The cabin’s front door slammed open, cracking against the inside wall. Chance and Egan leapt to their feet, ready to fight, but it was only Dove, white-faced and soaked.

“Dove!”

“Is that Dove?”

“Oh, Dove, darling! You’re all wet—”

“Chance!” she cried, ignoring the others. “Come out! Now!”

“What’s happened?”

“Now! He said
now
!”

Chance squeezed Gentian’s hand—she looked afraid—and then moved around the table to the door. Dove gripped the front of his shirt and tried to drag him out onto the creaky porch faster, forgetting he was at least five times stronger; he pulled the door closed behind them.

The weather was bad. A cut of lightning lit up the valley, arcing wickedly across the sky. Rain drummed down, cold and thick.

“You cleared the shed? You changed the lock?” Hudson was there. He was standing on the porch, naked and muddy and—

Chance did a double-take.

Hudson was carrying a
girl
.

She was slung over his shoulder like a sandbag. He couldn’t get a good look at her, but the shape of her, the curve of her thighs. He swallowed.

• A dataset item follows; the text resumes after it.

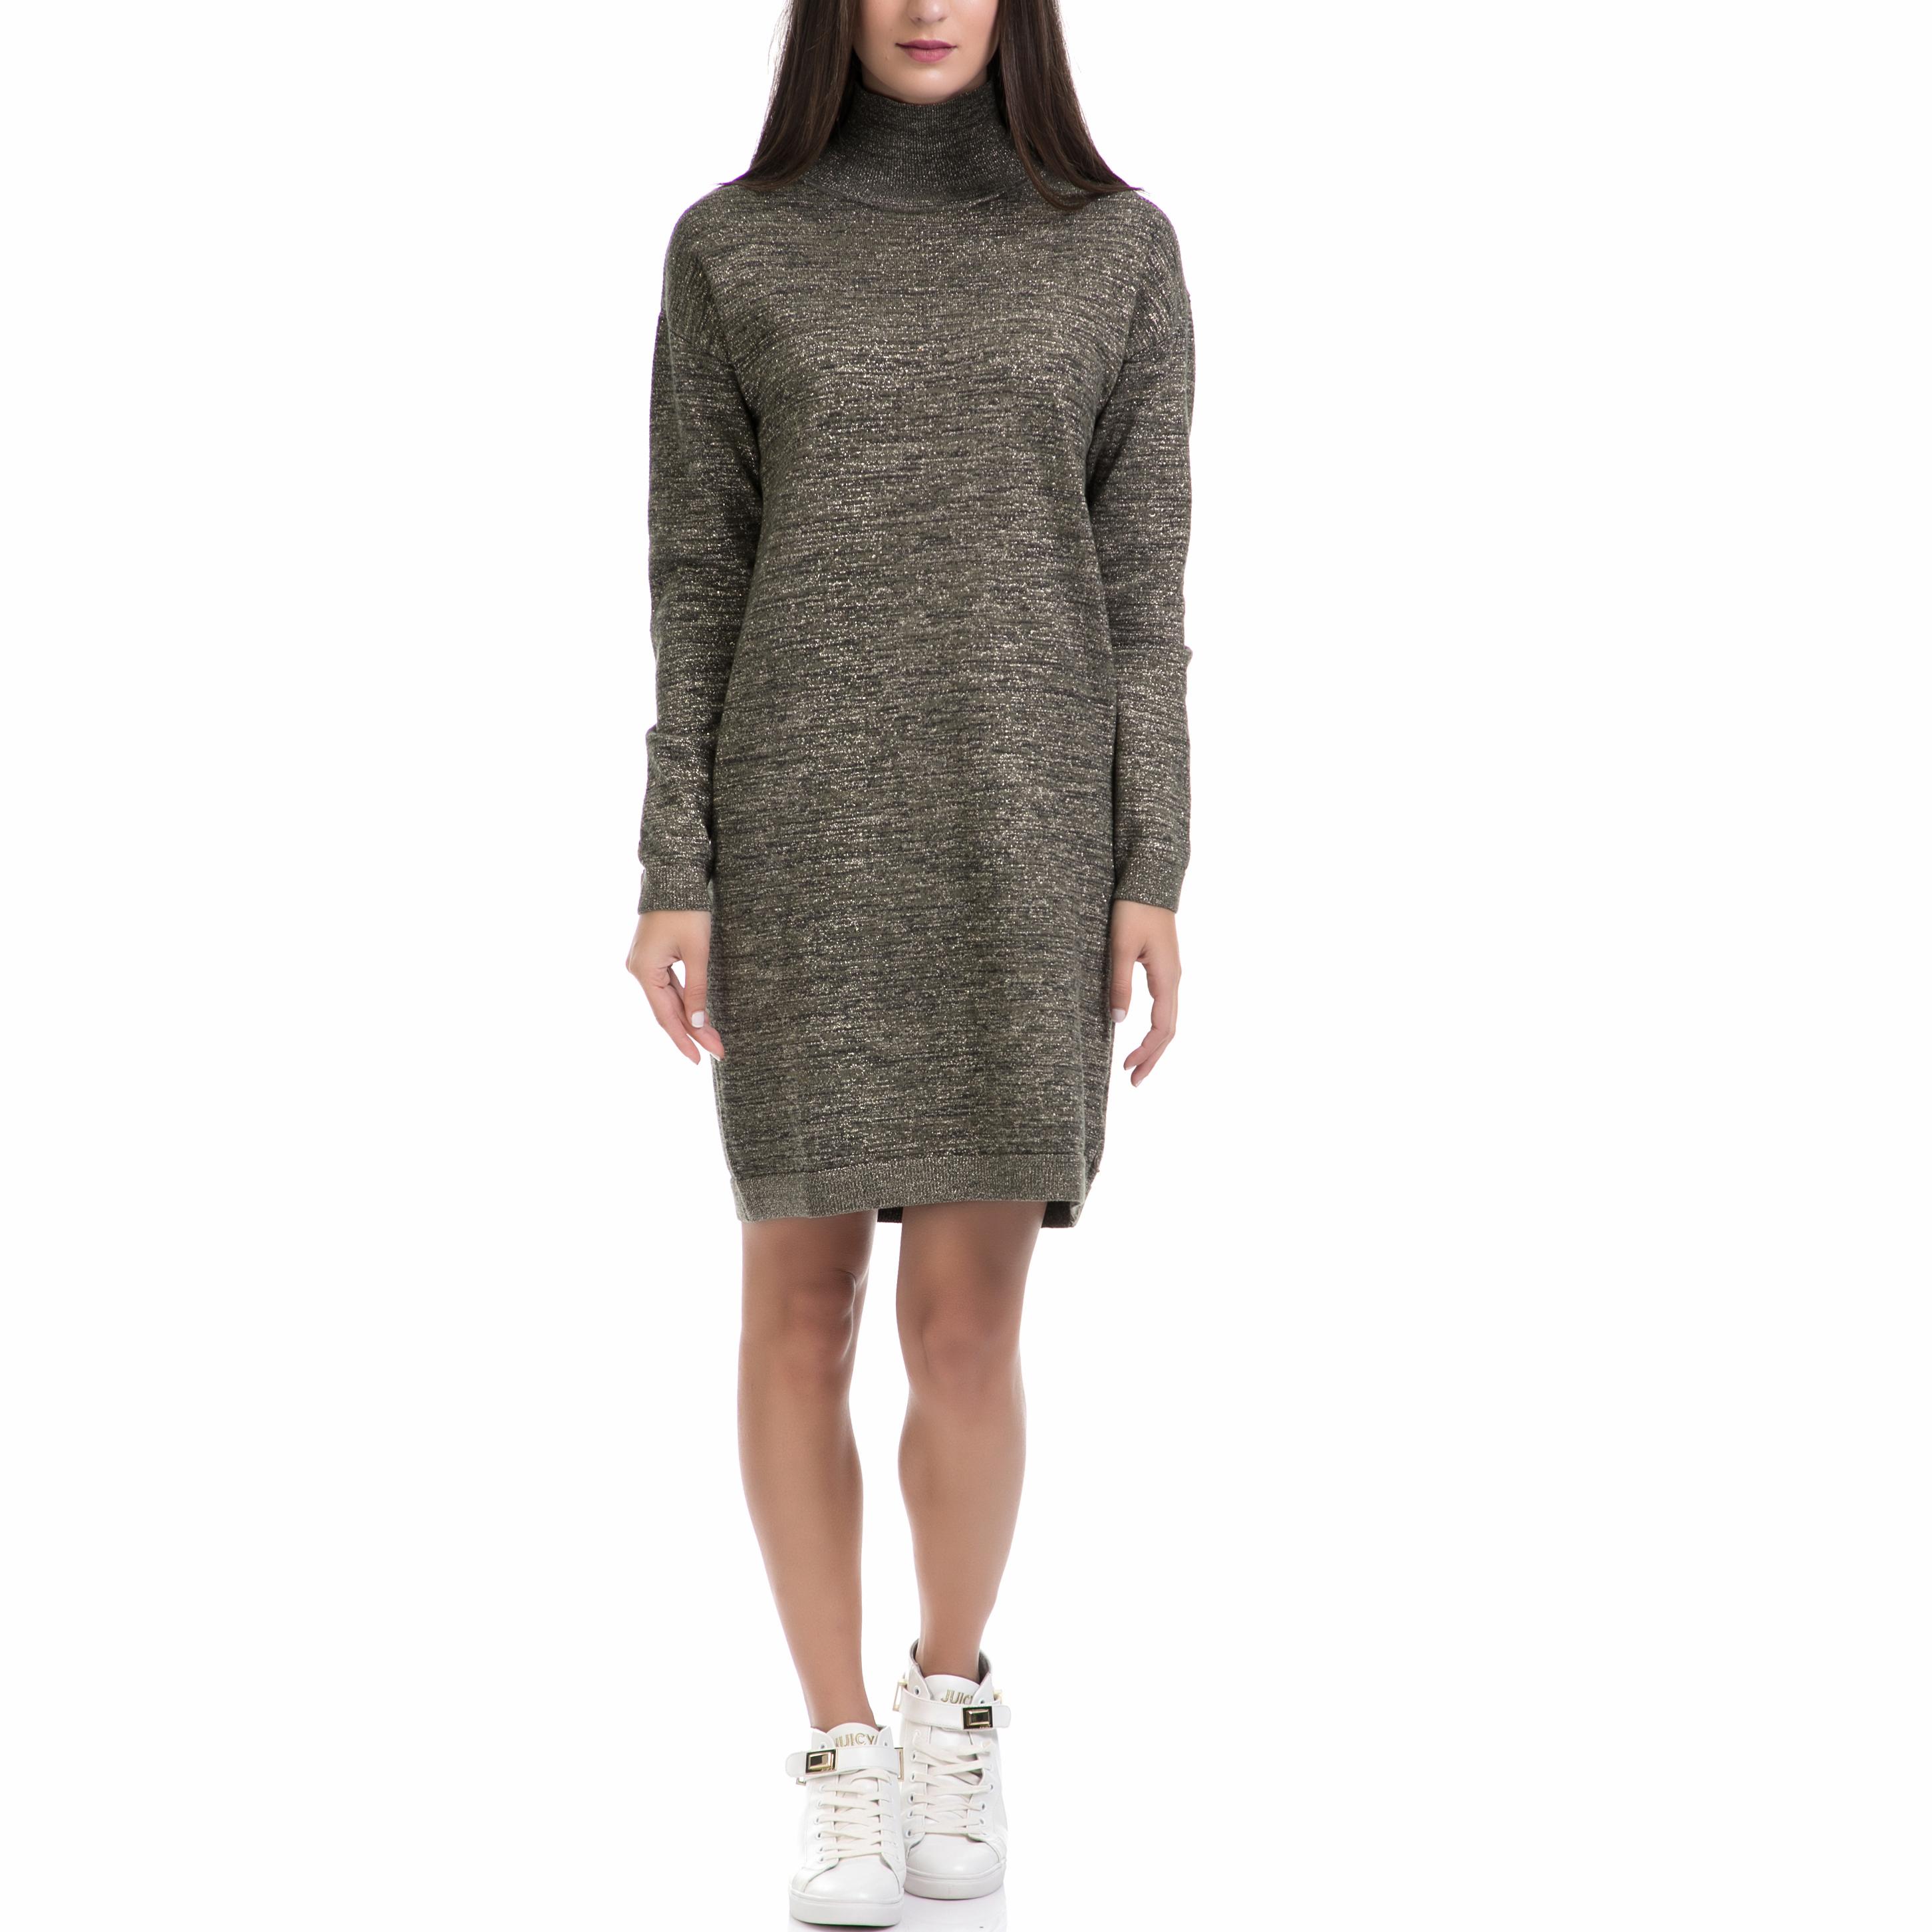 SCOTCH & SODA - Γυναικείο φόρεμα MAISON SCOTCH λαδί γυναικεία ρούχα φορέματα μίνι

Now he looked around, there was a hiker’s pack slung to the side of the cabin door which Egan was opening, holding a lantern. That must be the girl’s. Had Dove carried that while Hudson carried the girl?

“What’s going on?” Egan asked, frowning. “My God! Is that a girl?”

In the lantern light, Chance could see that Hudson’s eyes, nose, and mouth looked raw; the gold in his eyes was shimmering dangerously.

“Did she
spray
you, brother?” Chance asked, shocked.